See accompanying article on page e427

The role of vascular smooth muscle cells (SMCs) in the development and fate of atherosclerotic lesions is steadily gaining increased interest in cardiovascular research. Historically, this cell type has been attributed a distinct function in the regenerative features of the disease and a central role in intimal repair processes, highlighted by hallmark contributions from Russell Ross and Alexander Clowes.^1,2 In recent years, major advancements have provided insights that even further emphasize the central role of SMCs in cardiovascular disease.³ Genome wide association studies in coronary artery disease have facilitated the identification of several genetic variants associated with SMCs⁴ and use of lineage tracing models for identification of lesional cells of SMC origin have clarified that their ability to transdifferentiate into resemblance of other cell types leads to the formation of plaques with a much larger proportion SMC-derived cells than previously recognized.^5,6

Despite the diverse phenotypic plasticity of SMCs, their classical ability to contribute to fibrous cap formation and lesion stability is essential for the clinical course of the disease. The capacity of SMCs to provide tissue integrity in atherosclerosis is based on their ability to dedifferentiate from contractile cells in the media into proliferative and secretory cells that migrate into the intima, secrete extracellular matrix and both build and preserve the fibrous cap.⁷ Enhanced inflammation with protease activity, extracellular matrix degradation and SMC apoptosis weaken and make the cap prone to rupture, which eventually trigger atherothrombosis, myocardial infarction, and stroke.⁸ Although the importance of this fatal process has been suggested to diminish over time, likely influenced by improved medical therapy,⁹ a better understanding of the molecular pathways that operate in the formation and maintenance of the fibrous cap remains of vital significance to improve preventive pharmacotherapy in atherosclerotic cardiovascular disease.

In this issue of Arteriosclerosis, Thrombosis, and Vascular Biology, Martos-Rodríguez et al,¹⁰ make a significant contribution to the field by exploring the importance of Notch signaling for SMC recruitment and fibrous cap formation in atherosclerosis. The Notch signaling pathway is a well known player among those involved in the control of SMC function in development and disease. Notch signaling is a highly conserved pathway with an established and important role in vascular development and SMC biology. The pathway is named after the appearance of wings in Drosophila Notch-mutations and consists of a family of transmembrane ligands (Jagged1 and 2; Delta-like 1, 3, and 4) and receptors (Notch 1-4) with Notch extracellular (NECD) and intracellular (NICD) domains, where SMCs seem primarily dependent on signaling through Jagged1, Notch 2 and 3. Canonical Notch signaling involves protease-dependent activation and cleavage of NICD, which directly translocate to the nucleus where they act as transcriptional regulators by forming complexes with RBPJ (recombination signal-binding protein for immunoglobulin kappa J region). This pathway differs from many others as the signal goes directly to transcriptional control and thus omits intracellular, intermediate, activation.¹¹ Nevertheless, it has been shown that the system still allows for signaling diversity by posttranslational glycosylation of the family members, which influence ligand-receptor interactions and signal intensity.¹² Noncanonical Notch signaling is less deciphered and largely unexplored in SMCs but is related to interactions with other pathways, such as platelet-derived growth factor B (PDGFB) and transforming growth factor beta (TGFβ) where the latter has been shown to cooperate with Notch in regulating SMC differentiation.¹¹

Functionally, Notch-ligands drive the differentiation of mural cells recruited by endothelial cell-derived PDGFB during vascular development and vasculogenesis with induction of alpha smooth muscle actin (ACTA2) and other contractile elements in the accumulating layers of SMCs, thus promoting differentiation, orientation, and assembly of the vessel wall media.

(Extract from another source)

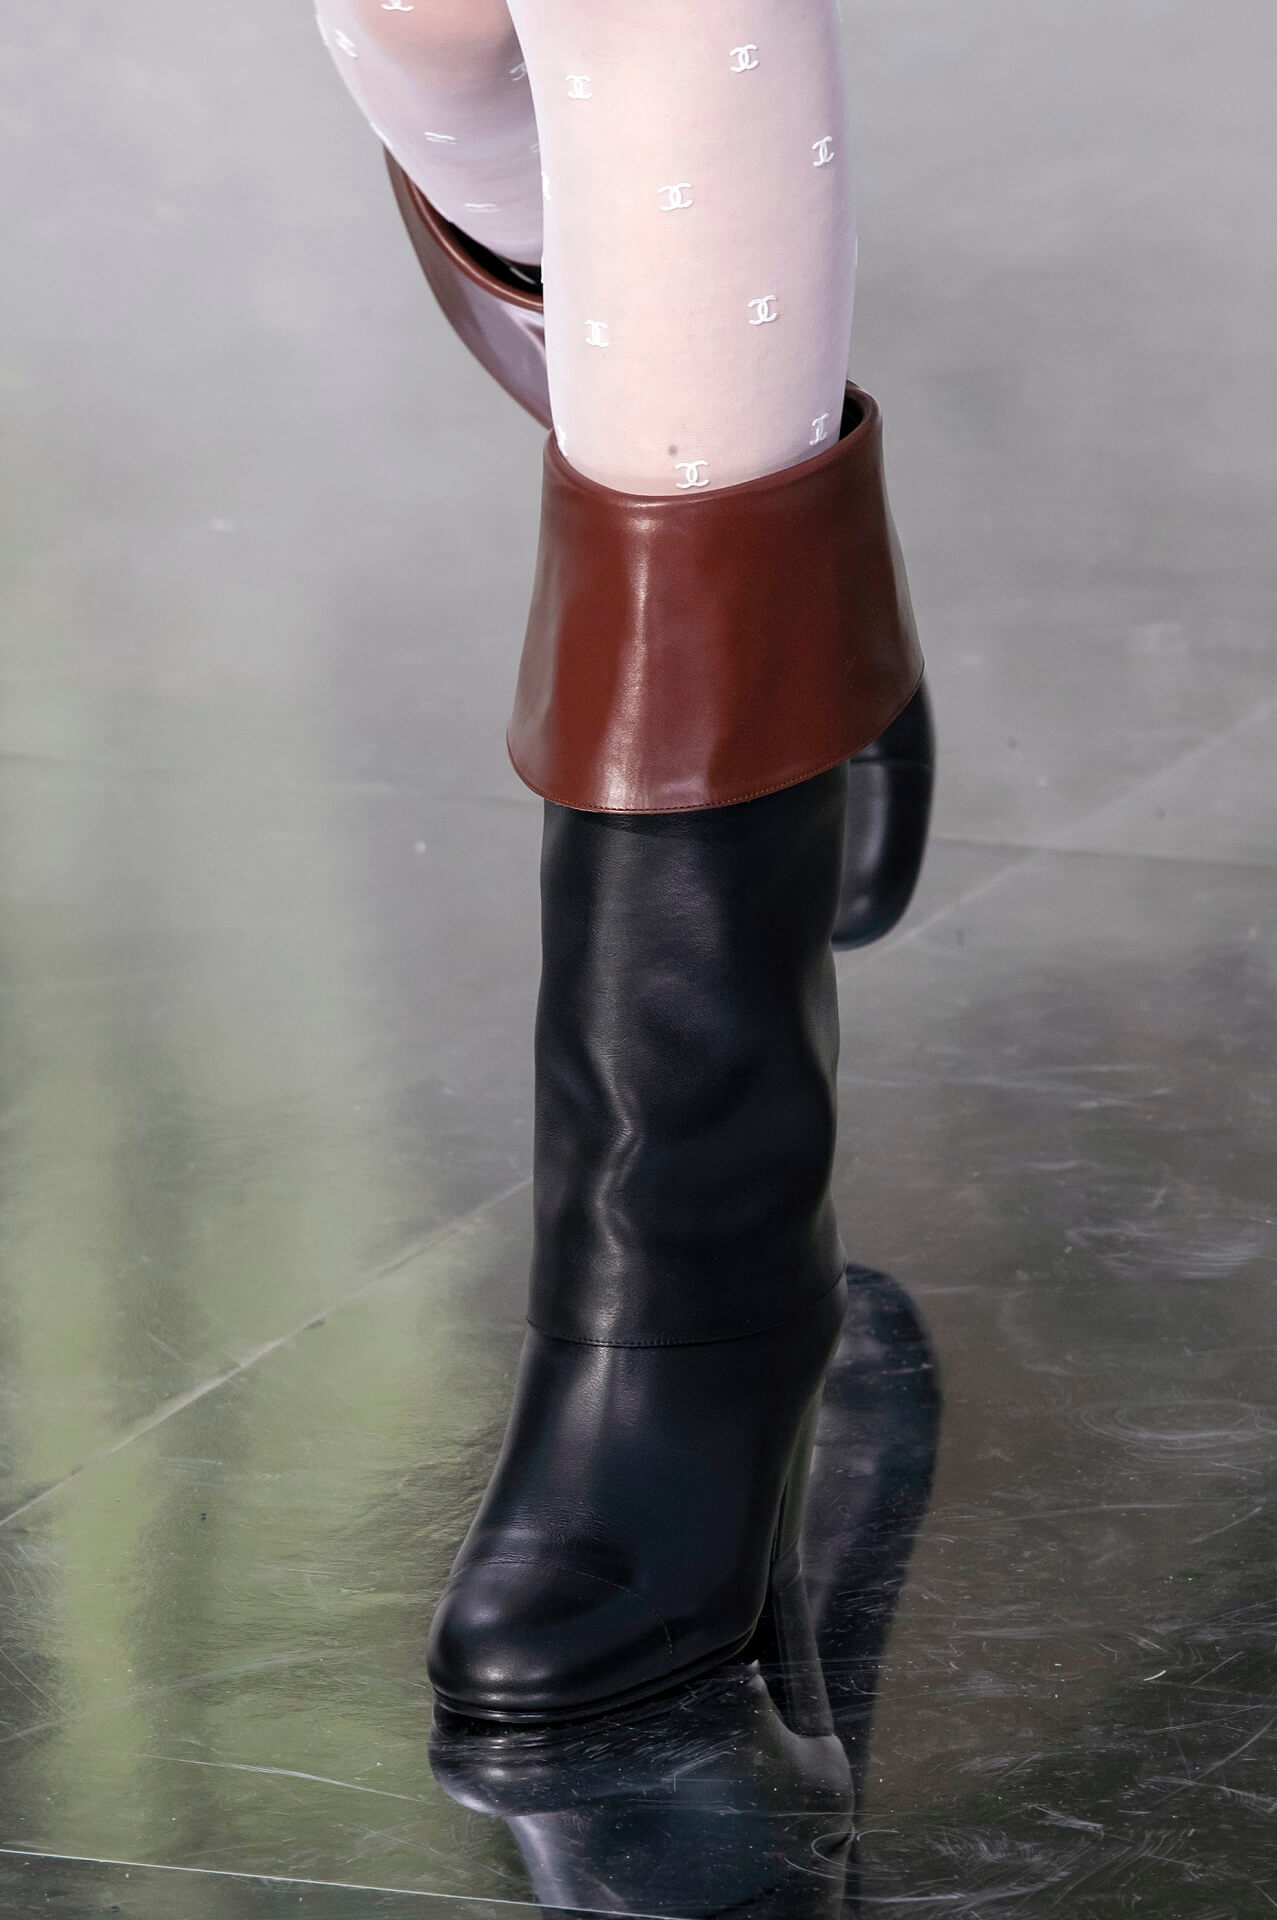 Королівський гамбіт: 16 модних пар чобіт на осінь-зиму 2020/21-Фото 8

Apart from SMC differentiation, Notch signaling may also regulate other SMC functions such as proliferation, migration, extracellular matrix synthesis, and survival.¹¹ The importance of Notch for SMC survival is emphasized in the human disorder CADASIL (Cerebral Autosomal Dominant Arteriopathy with Subcortical Infarcts and Leukoencephalopathy), where Notch3 receptor mutations lead to apoptosis of SMCs and pericytes in the cerebral vasculature.¹¹ Because many of these functions are relevant for reparative SMC features, several studies have been conducted in vascular injury models demonstrating involvement of Notch family members and effector genes in intimal repair.^13-15

Whereas abundant literature has identified a central role for Notch signaling in the control of SMC function in development and intimal repair, much less is known about its role in the development, progression, and fate of SMCs in atherosclerotic lesions. In the work by Martos-Rodríguez et al, in ATVB, we get novel insights into the resemblance between atherosclerotic fibrous cap formation and embryonic media development with respect to the overarching control of these processes exerted by the Notch pathway. The authors report observations of Notch family member expression of in fibrous caps of human plaques, using mouse models including strains permitting lineage tracing of SMCs, atherosclerosis models, and mice with loss, as well as gain, of Notch signaling, and make confirmatory observations of SMCs in vitro. The mouse strains were either developed using conditional, SMC-specific, ablation of RBPJ, or incorporated SMC-specific constitutive Notch signaling by over-expression of NICD. The authors report how loss of Notch signaling did not affect the accumulation of SMC-derived cells in the fibrous cap but could show that these cells were prevented from reacquisition of ACTA2 expression, whereas constitutive Notch signaling instead prevented medial SMCs from contributing to plaque development (Figure).¹⁰

Figure. Schematic summary of the role of Notch signaling in fibrous cap formation in atherosclerotic plaques. Notch activity (blue arrows), promotes reacquisition of alpha smooth muscle actin (ACTA2) expression in modulated cap smooth muscle cells (SMCs), which is prevented in atherosclerotic mice with SMC-specific deletion of the Notch co-activating transcription factor RBPJ (recombination signal-binding protein for immunoglobulin kappa J region). In addition, Notch activity also suppresses medial SMCs recruitment to the fibrous cap.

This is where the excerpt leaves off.